▶ _PROBLEM DESCRIPTION_
Return the listing below unchanged, minus its pictures.

▶ _STORED DATA_
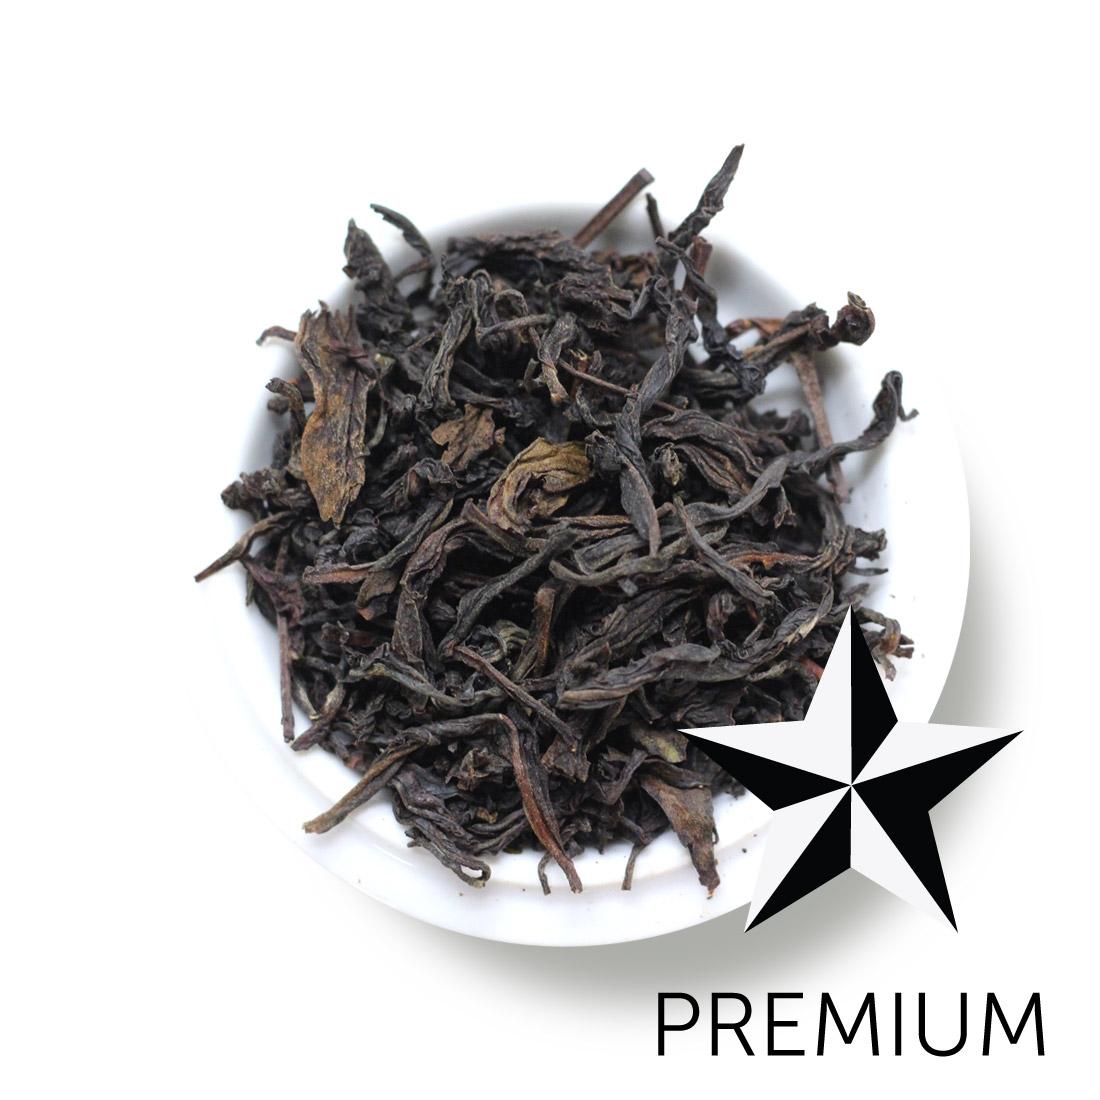 Premium Black Tea Malawi Grand Cru
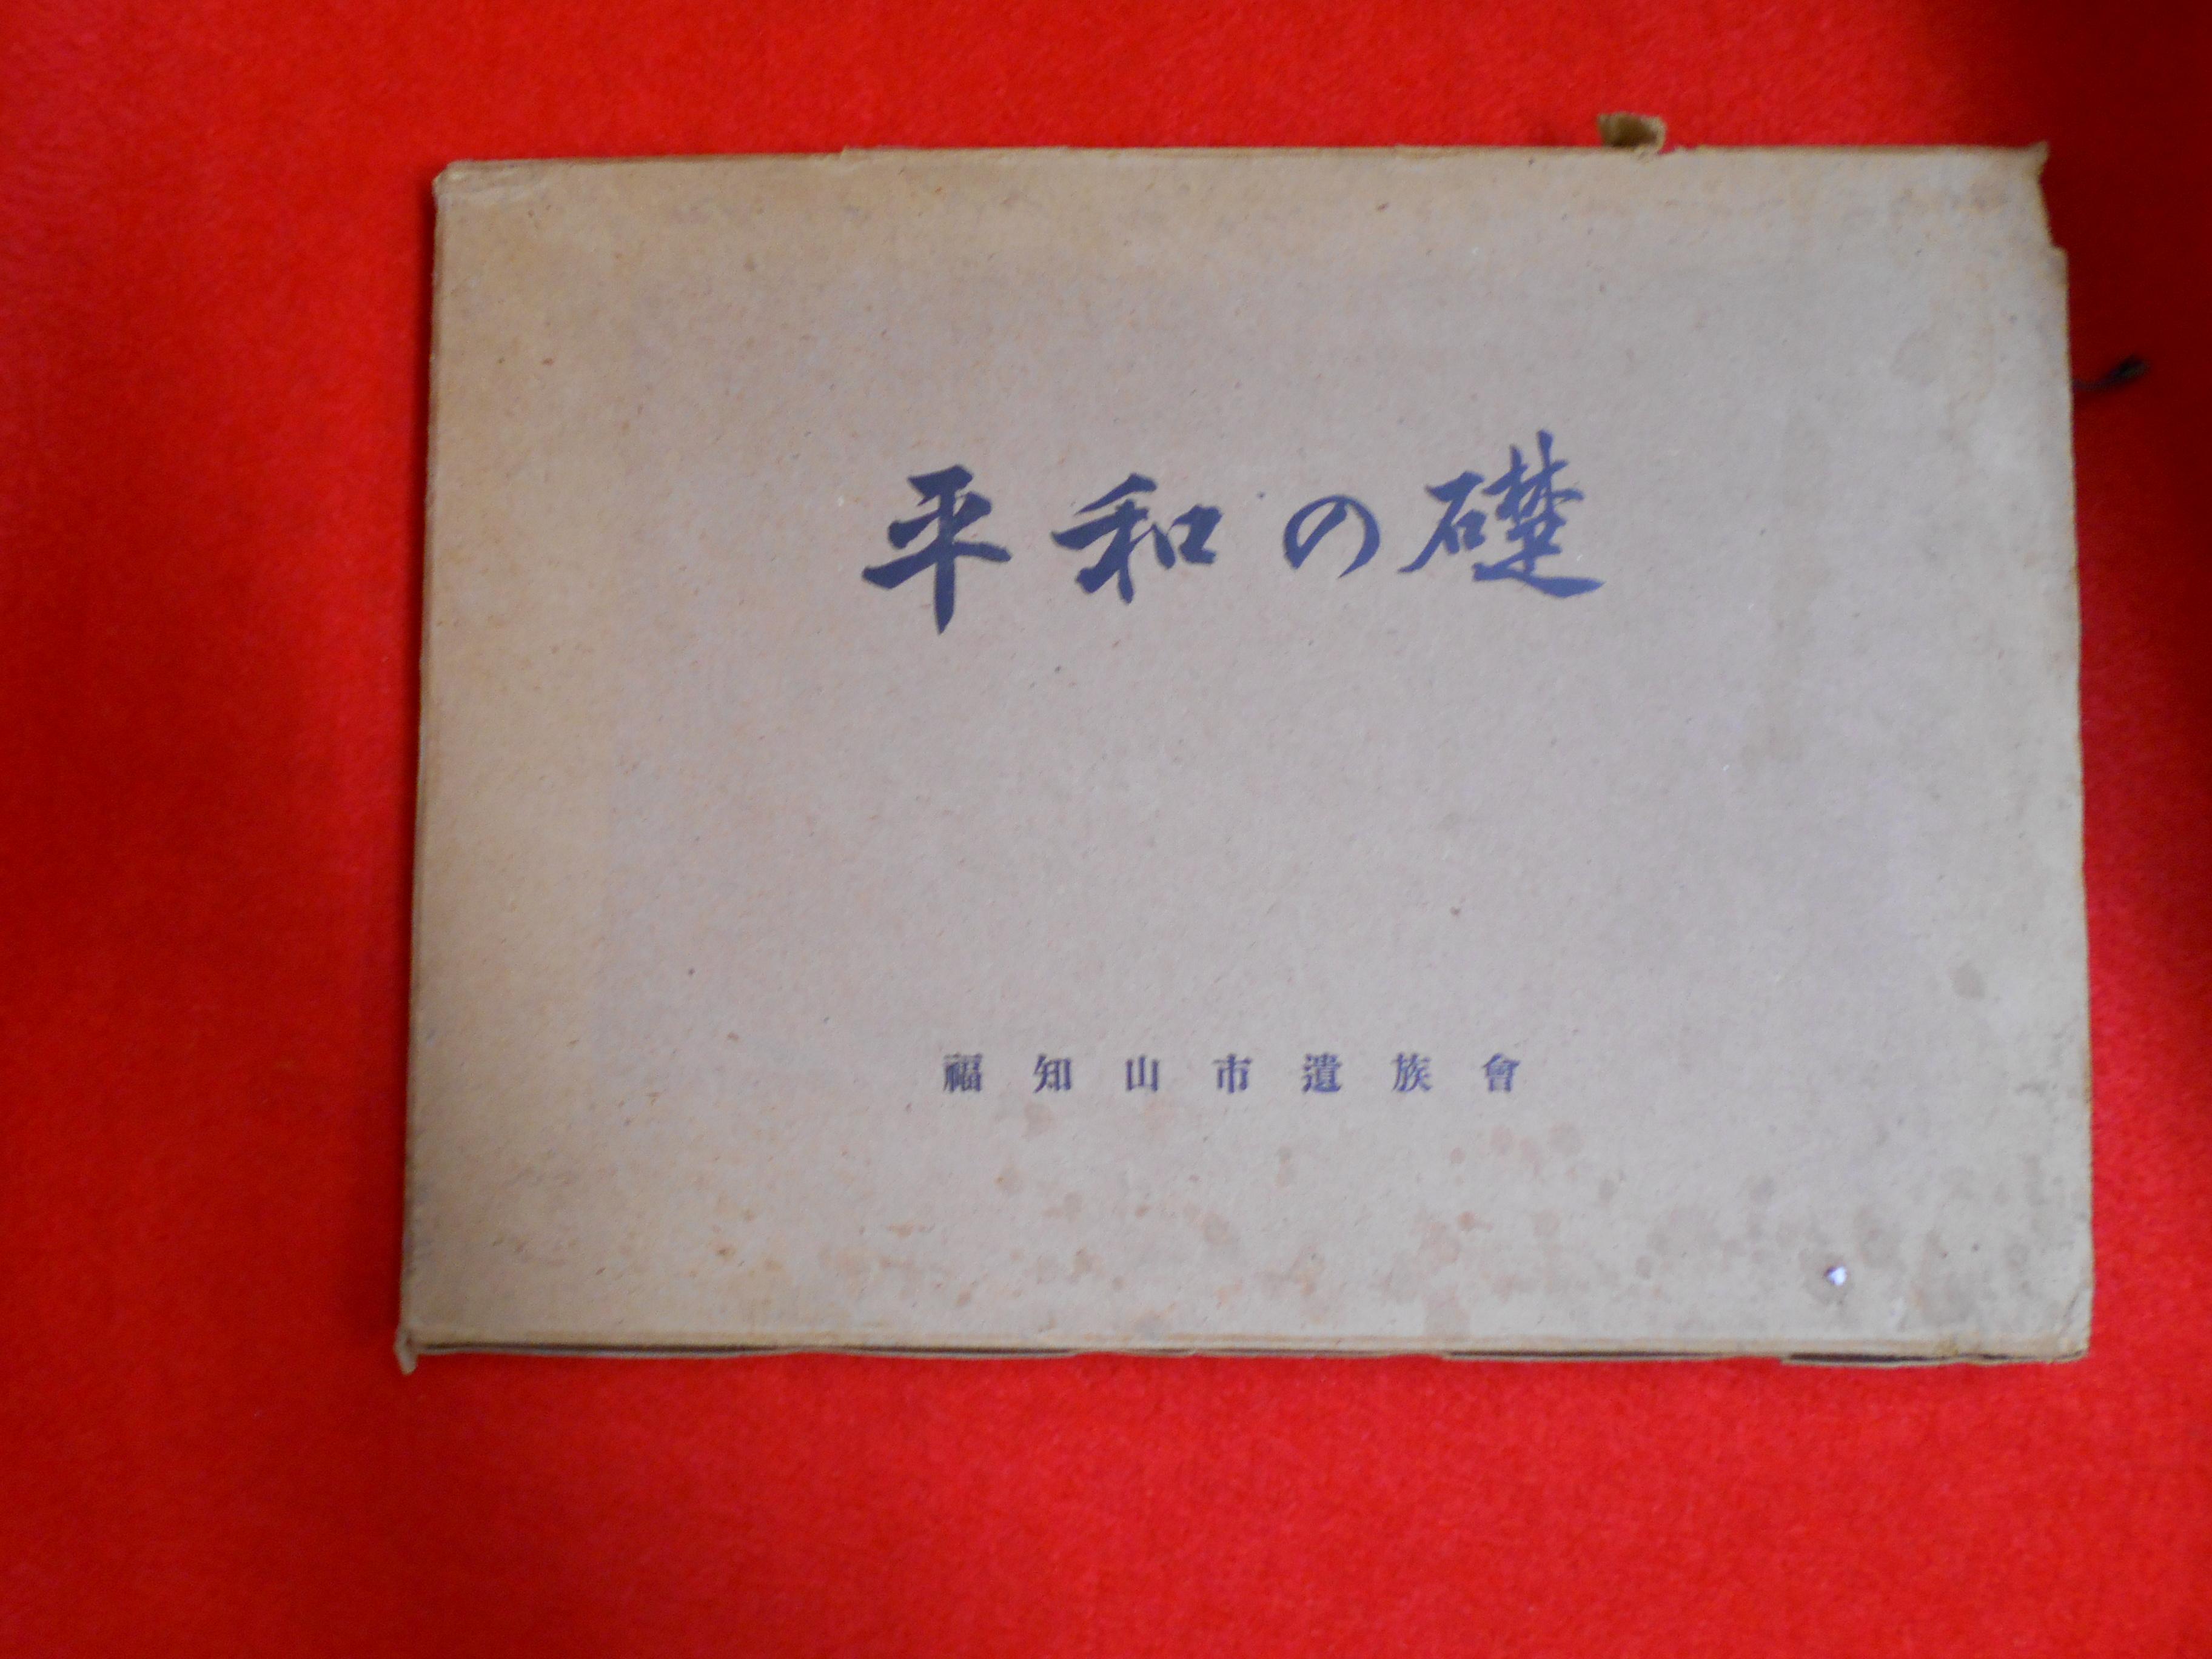 【平和の礎 福知山市遺族会】関西への出張買取にも伺いますの画像
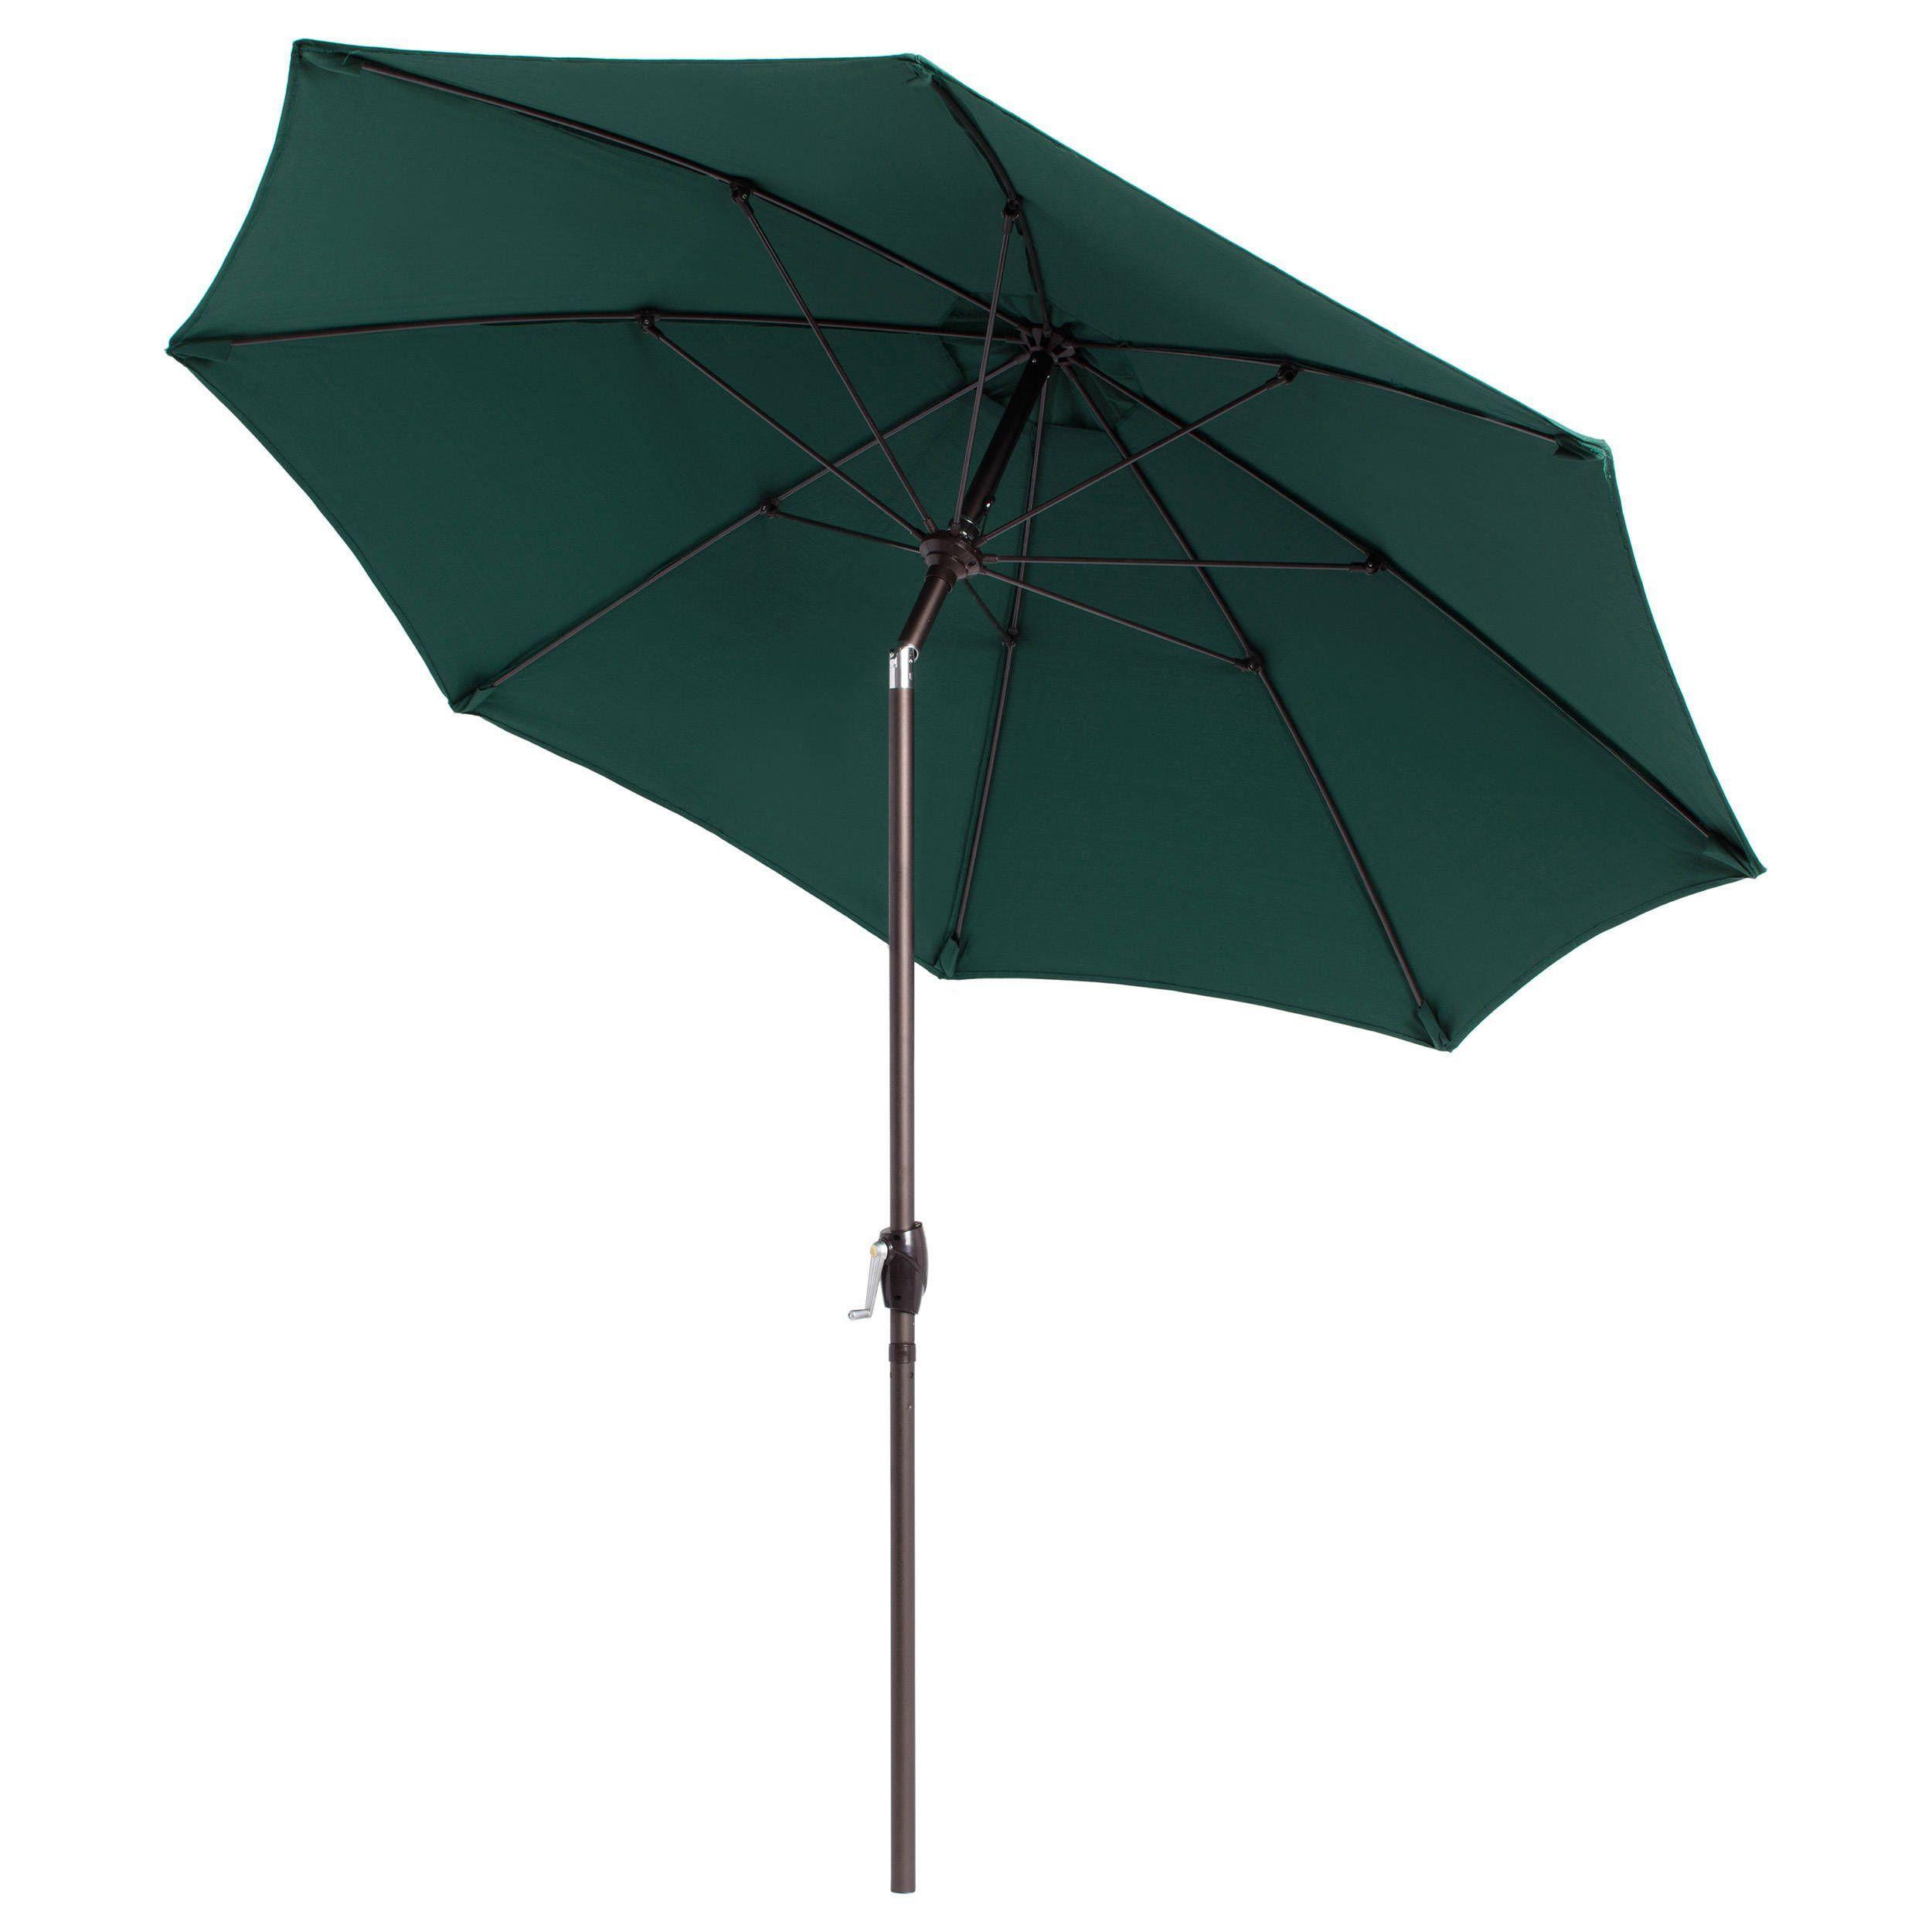 Lauren U0026 Company Fiberglass Olefin Crank And Tilt 9 Foot Umbrella (Hunter  Green)

▶ _RESPONSE AREA_
 Premium Black Tea Malawi Grand Cru
 【平和の礎 福知山市遺族会】関西への出張買取にも伺いますの画像
 Lauren U0026 Company Fiberglass Olefin Crank And Tilt 9 Foot Umbrella (Hunter  Green)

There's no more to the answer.